What makes this winner so special is the total lack of grace in execution. This is a clusterfuck of the highest order, but our guy is not deterred from his quest to get the hell out of there no matter what stands in his way. This is the attitude that these great United States were built upon.

Not only does this guy jack up someone else's car, but he pretty much fucks up his ride as well. I'm not 100% clear as to what is going down with his car, but I do know that the rear bumper came off and there was some black smoke shooting out of the exhaust pipe. I'm no Pep Boy, but I think that is a pretty bad sign. This guy doesn't quit. Even though he hits that pole like 15 times, he keeps at it and sort of makes a getaway.

I think the panic-level in the car is beyond anything any of us have ever experienced. I really wish there was audio that could pick up what's going on inside. I'm sure there is just an insane amount of cursing and screeching.
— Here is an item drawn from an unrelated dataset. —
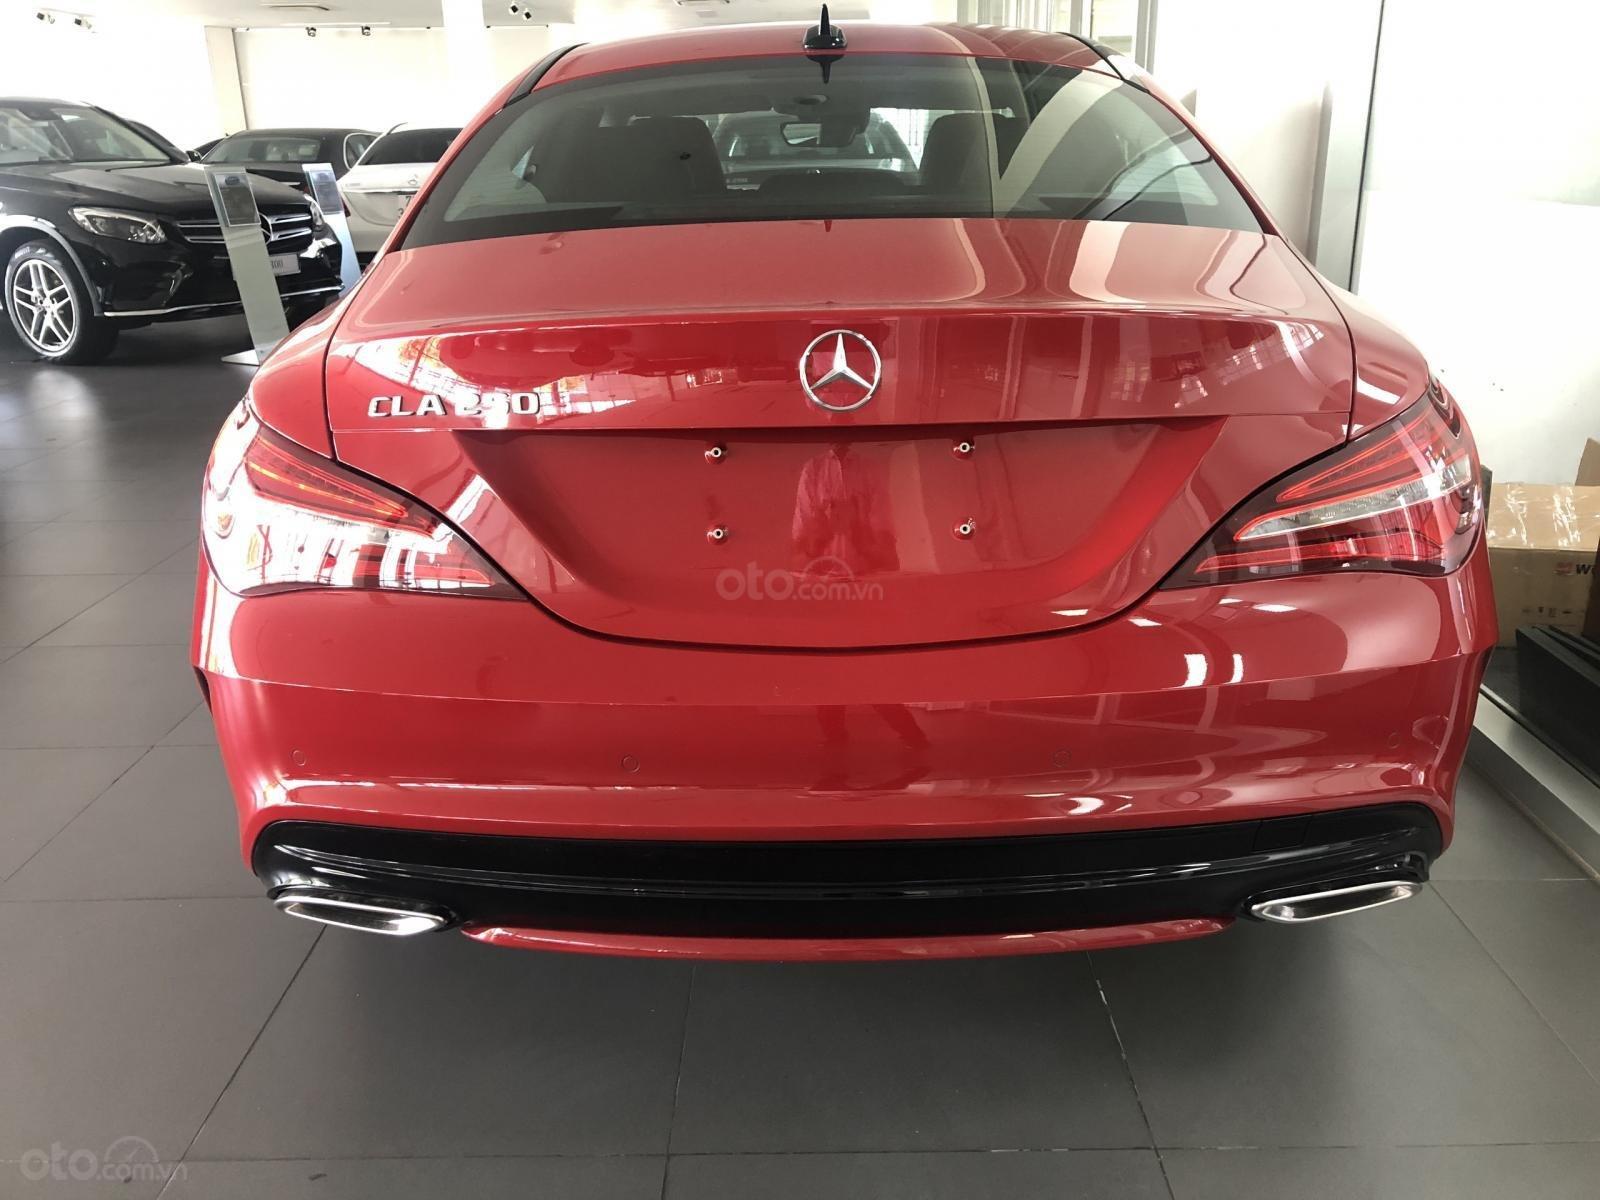 Bán xe Mercedes CLA 250 mới, màu đỏ, xe nhập khẩu, vay trả góp 80% giá trị xe, lãi 0.77%/tháng cố định 36 tháng (3)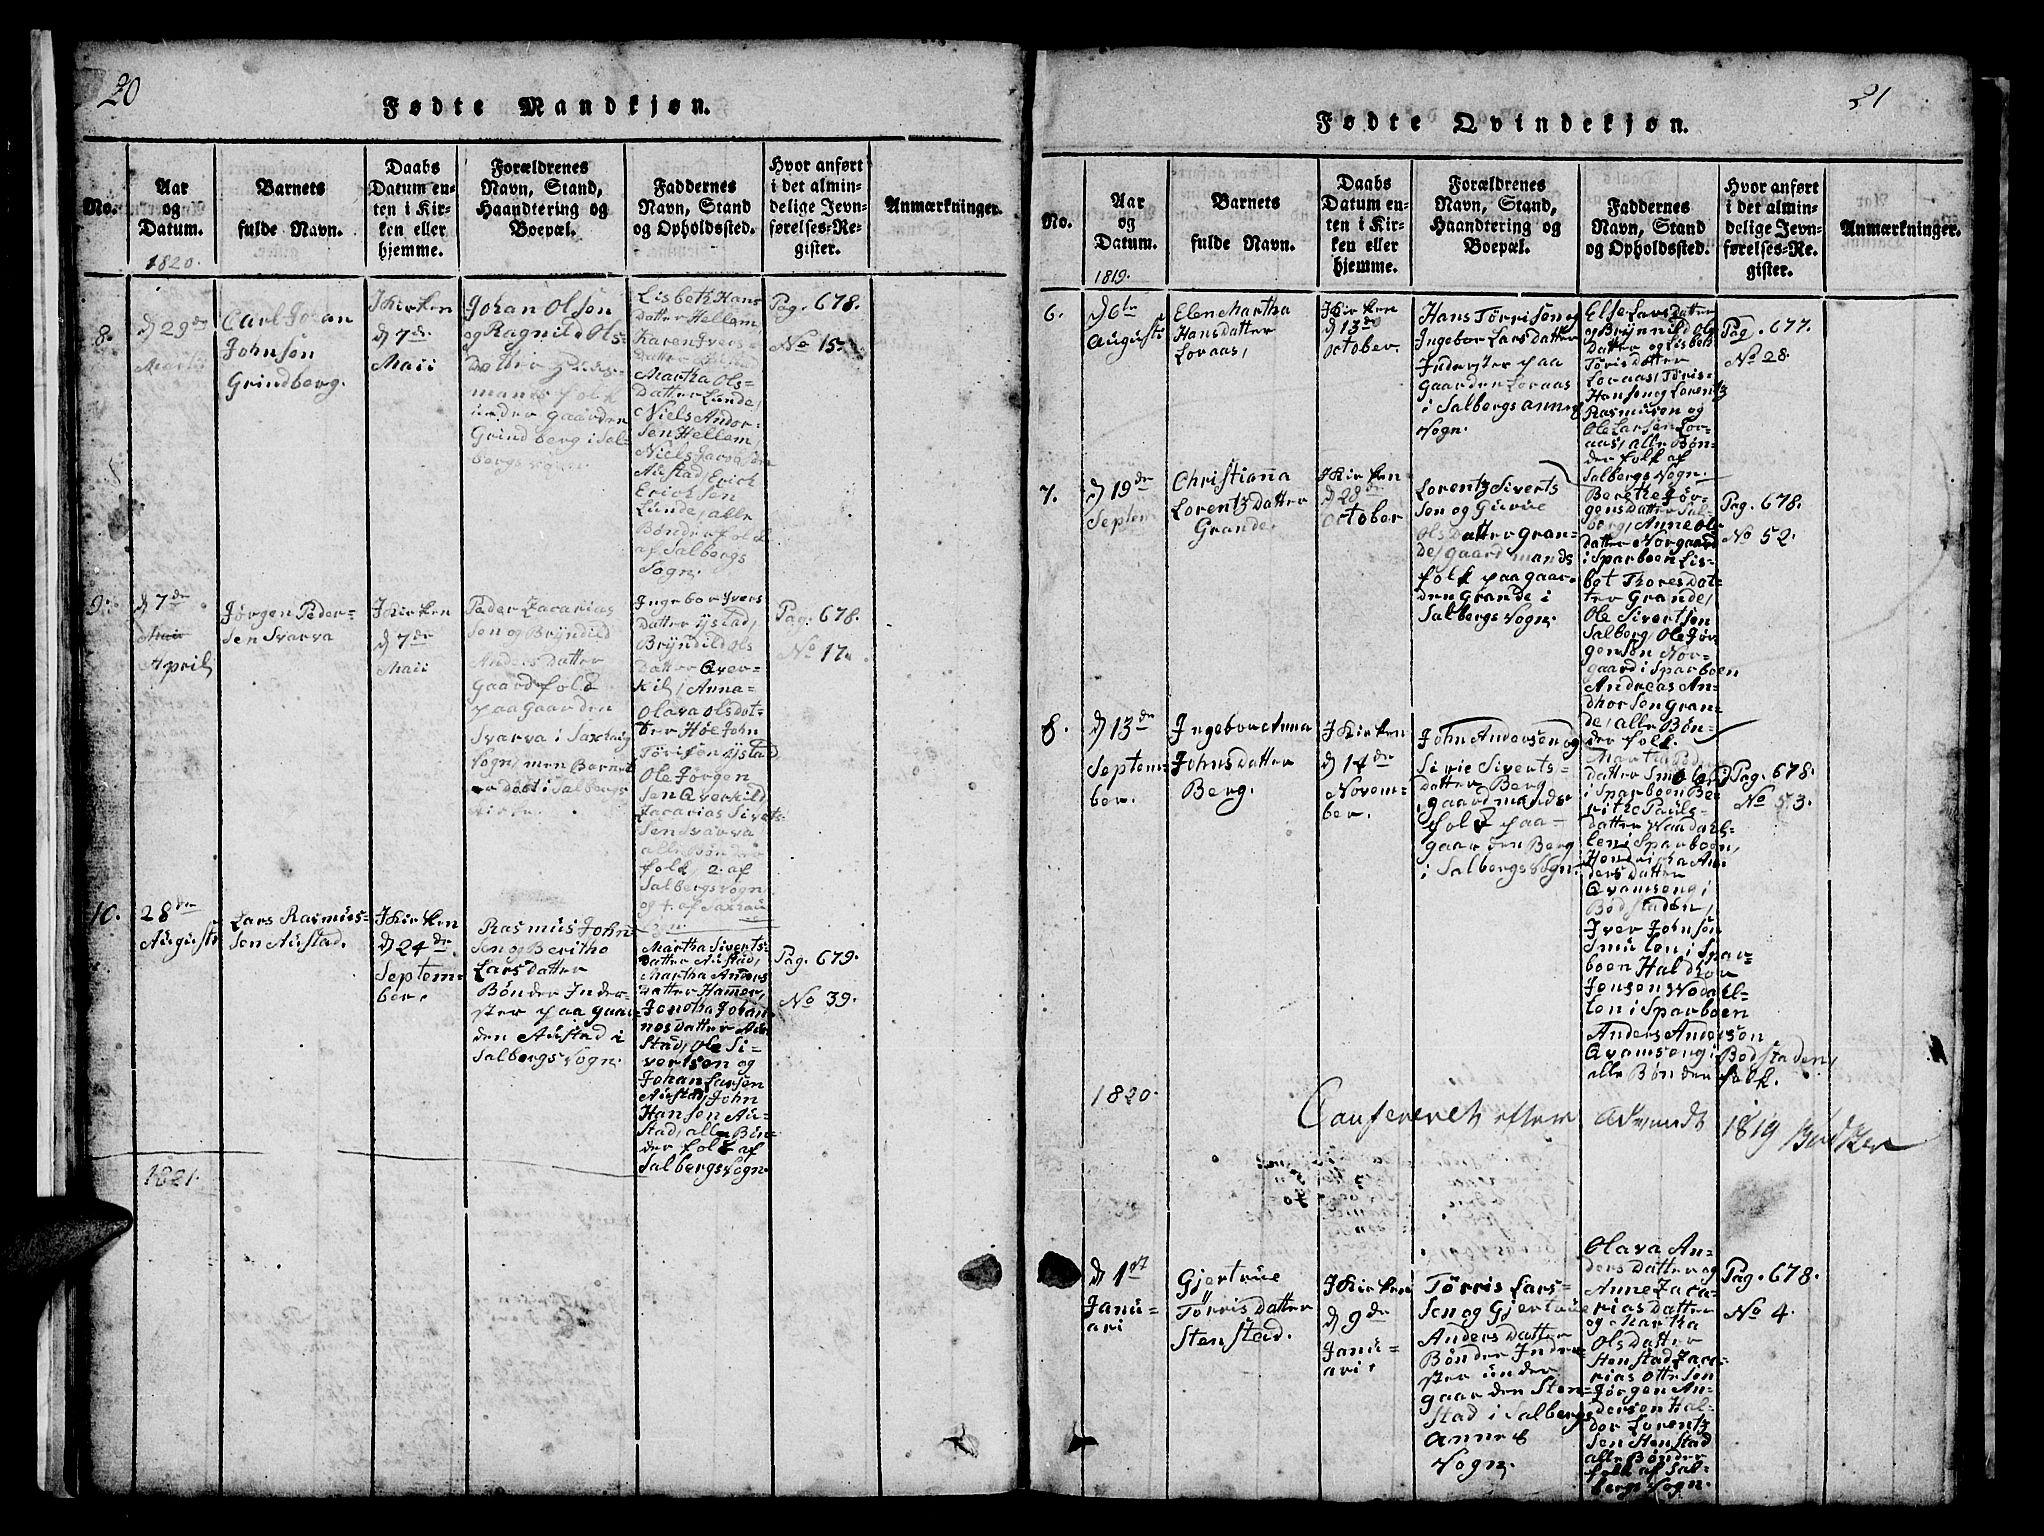 SAT, Ministerialprotokoller, klokkerbøker og fødselsregistre - Nord-Trøndelag, 731/L0310: Klokkerbok nr. 731C01, 1816-1874, s. 20-21

I also imagine the sense of relief after finally leaving that parking lot is palpable. Too bad it was all caught on tape. Nice try though.

Anyway, Guy in the car has truly distanced himself from the crowd thanks to this incredible performance of havoc-wreaking, and has earned a place of honor on this blog. And probably infamy as well. If Guy in the car happens to read this, drop me a line and we can figure out how I can deliver the prize package of a free t-shirt and back rub.

PS In case it wasn't obvious, there was no real voting so don't get all bent out of shape because you didn't get a say. This is my world and y'all are just paying rent.

PPS I don't know if the driver was a man or woman so I decided to call him a guy. It's not sexist to do that since the obvious joke would be to suggest that this was clearly a woman driver. I'm enlightened like that.